Accept that many people feel awkward when trying to comfort someone who’s grieving. Grief can be a confusing, sometimes frightening emotion for many people, especially if they haven’t experienced a similar loss themselves. They may feel unsure about how to comfort you and end up saying or doing the wrong things. But don’t use that as an excuse to retreat into your shell and avoid social contact. If a friend or loved one reaches out to you, it’s because they care.
Draw comfort from your faith. If you follow a religious tradition, embrace the comfort its mourning rituals can provide.
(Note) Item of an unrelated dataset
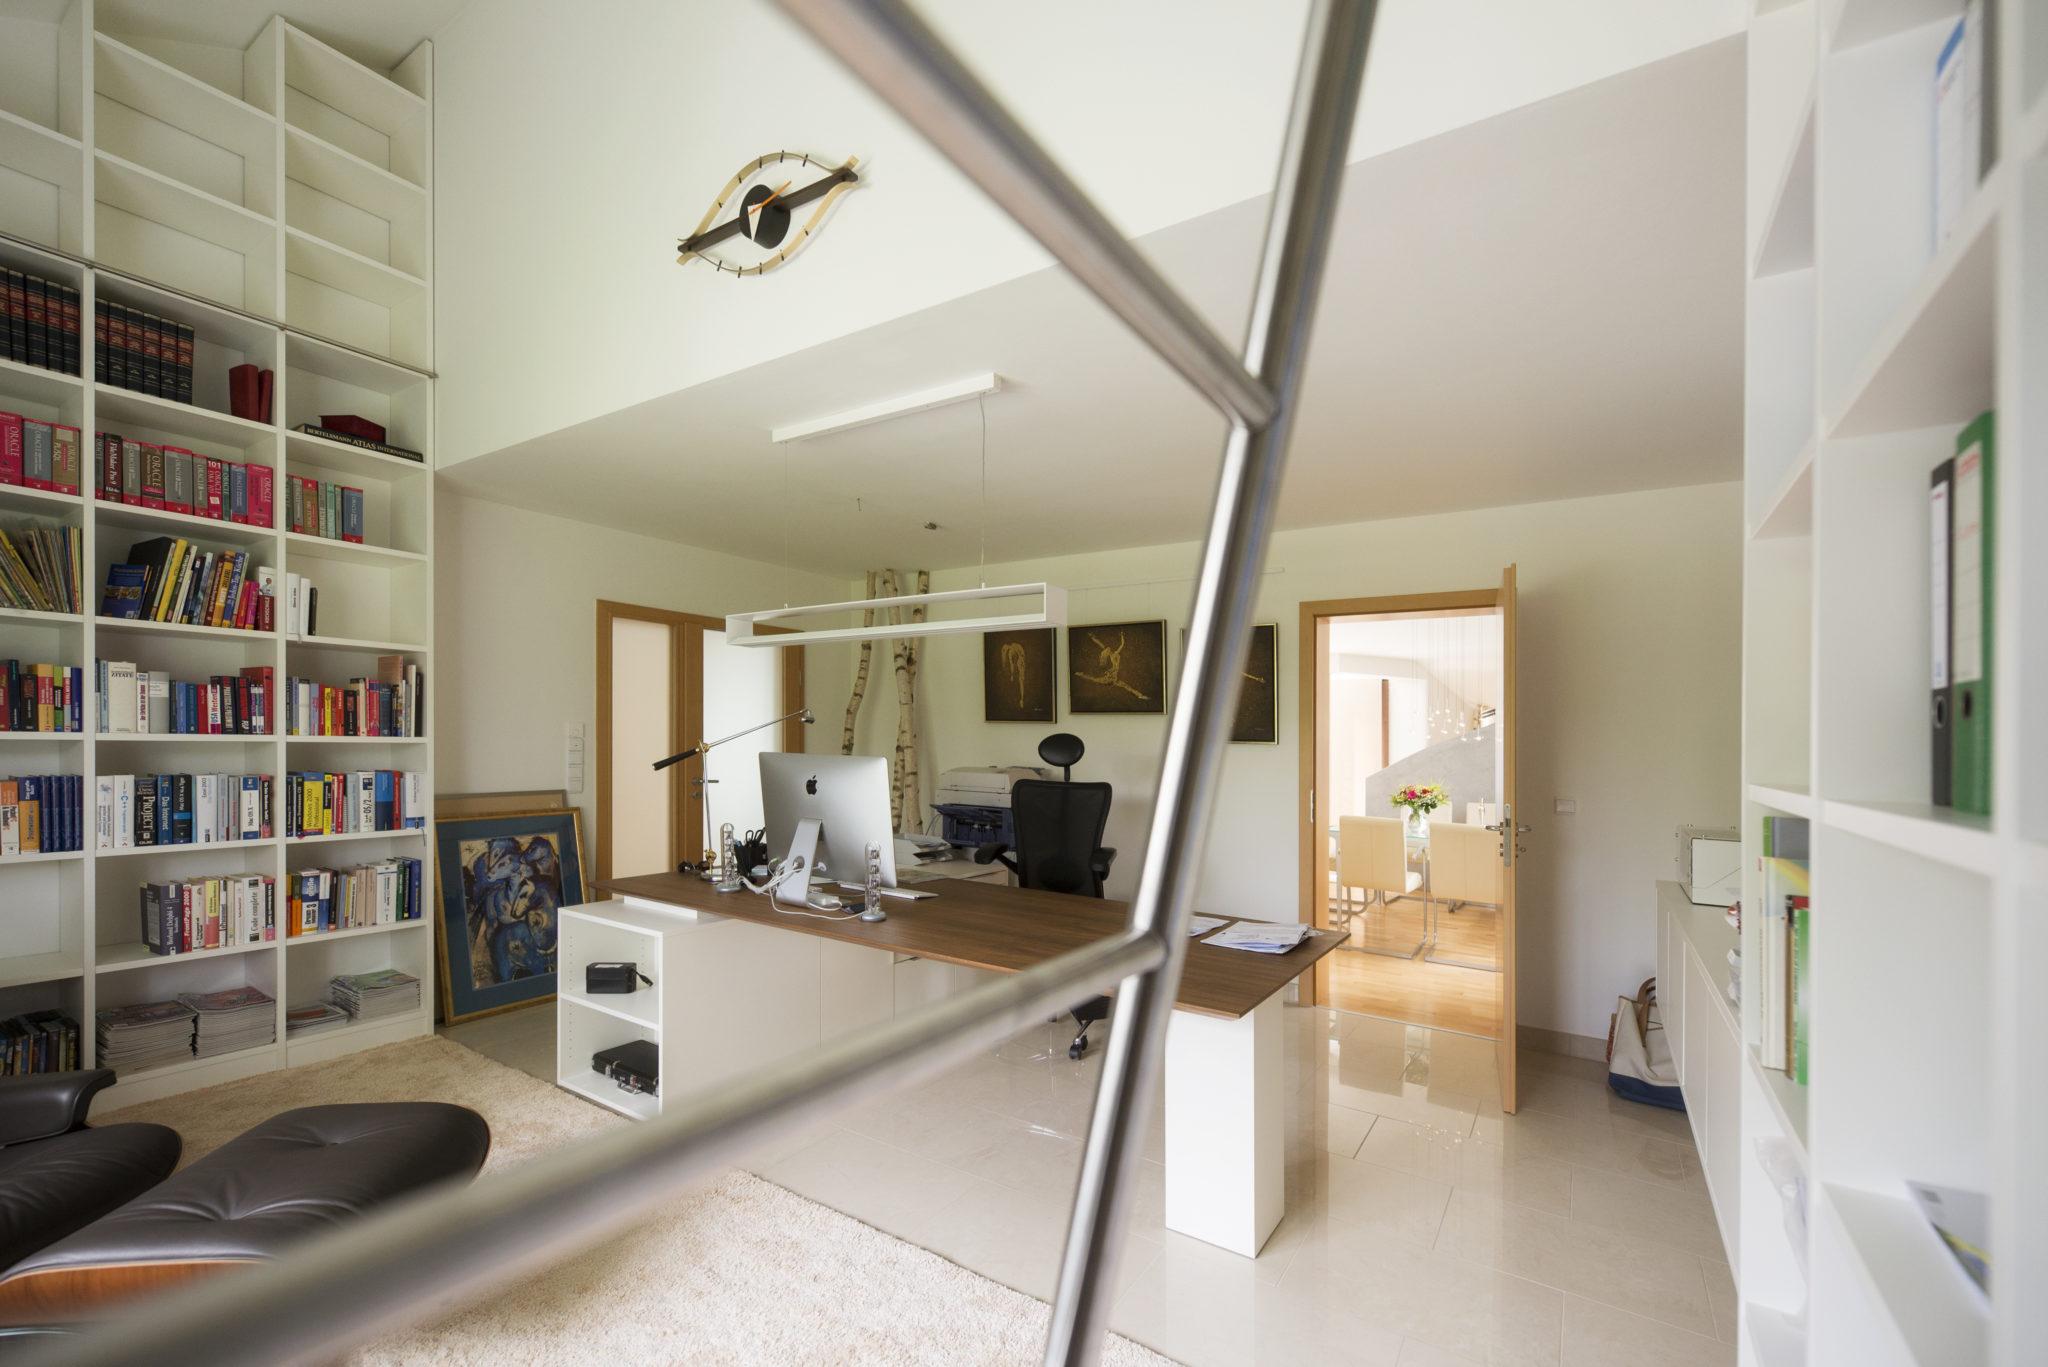 referenzen wohnen essen einrichtungsplanung und raumgestaltung astrid fuchs. Black Bedroom Furniture Sets. Home Design Ideas

Spiritual activities that are meaningful to you—such as praying, meditating, or going to church—can offer solace. If you’re questioning your faith in the wake of the loss, talk to a clergy member or others in your religious community.
Join a support group. Grief can feel very lonely, even when you have loved ones around. Sharing your sorrow with others who have experienced similar losses can help. To find a bereavement support group in your area, contact local hospitals, hospices, funeral homes, and counseling centers, or see the Resources section below.
Talk to a therapist or grief counselor. If your grief feels like too much to bear,
find a mental health professional with experience in grief counseling. An experienced therapist can help you work through intense emotions and overcome obstacles to your grieving.